Location
- Colombo, Wellampitiya and Ratnapura Sri Lanka

Information
- Type: International School
- Motto: Arabic:Subhan'Allah ("Glory Be To Allah")
- Established: 1986
- Principal: A.H.H.M.Murthaja
- Staff: 80
- Grades: LKG - Grade 11
- Age: 4 to 17
- Enrollment: 1500
- Language: English
- Colour(s): Green and blue
- Affiliation: Muslim
- Website: www.crescentschools.org

= Crescent Schools International =

Crescent Schools International (also called Crescent International School and abbreviated as C.S.I.), is an international school in Sri Lanka, with four branches in Colombo 9, Colombo 15, Wellampitiya and Ratnapura. It was established in 1986 with a view to provide quality education in English medium in an Islamic environment.

The school has expanded over the last 25 years and is today managed by a Corporate Management Team (C.M.T) and staffed with a teacher panel of over 80 teachers. CSI is attended by approximately thousand five hundred students and has classes ranging from Preschool to Ordinary Level.

The current Principal of CSI is former Government Zonal Education Officer Mr. M.M.M. Aiyub. The management of the school is handle by Dr. Deepika Priyadharshani and the school CMT team.
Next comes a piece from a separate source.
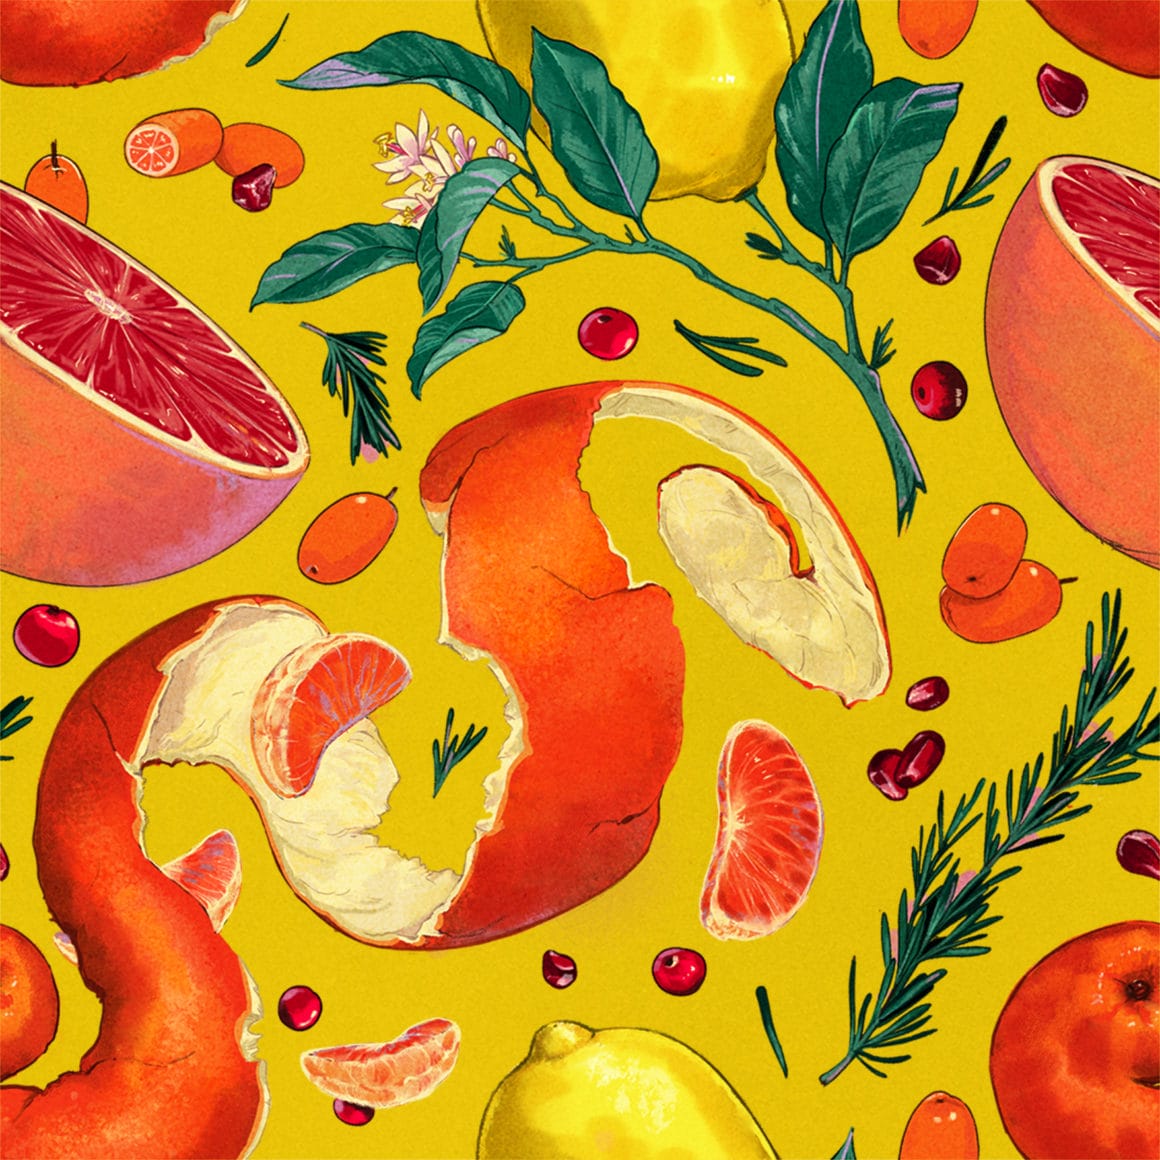 Cette illustration représente des fruits, dans les tons jaunes oranges, donc il y a des oranges, des citrons, des kumquats, etc.

Former Principals of CSI include Mr. Imtiaz Muhsin.

==Studies and Annual Events==
CSI currently follows the Local-Curriculum, which is a subject-formatting set by the Ministry of Education that is now being followed by the majority of schools of Sri Lanka.

CSI holds annual extracurricular activities such as:
- Annual Sports Meet
- Annual Awards Ceremony
- Educational Tours
- Independence Day Celebration
- English Day
- Sinhala And Tamil Literacy Day
- Prefects' Day
- Islamic Day
- Debate Programme
- Children's Day Celebrations

CSI Students also participate in inter-school extracurricular events and competitions. CSI Student Asmara Agus became 1st runner-up at the 2008 CIMA Spellmaster event from amongst 1200 students from 240 schools.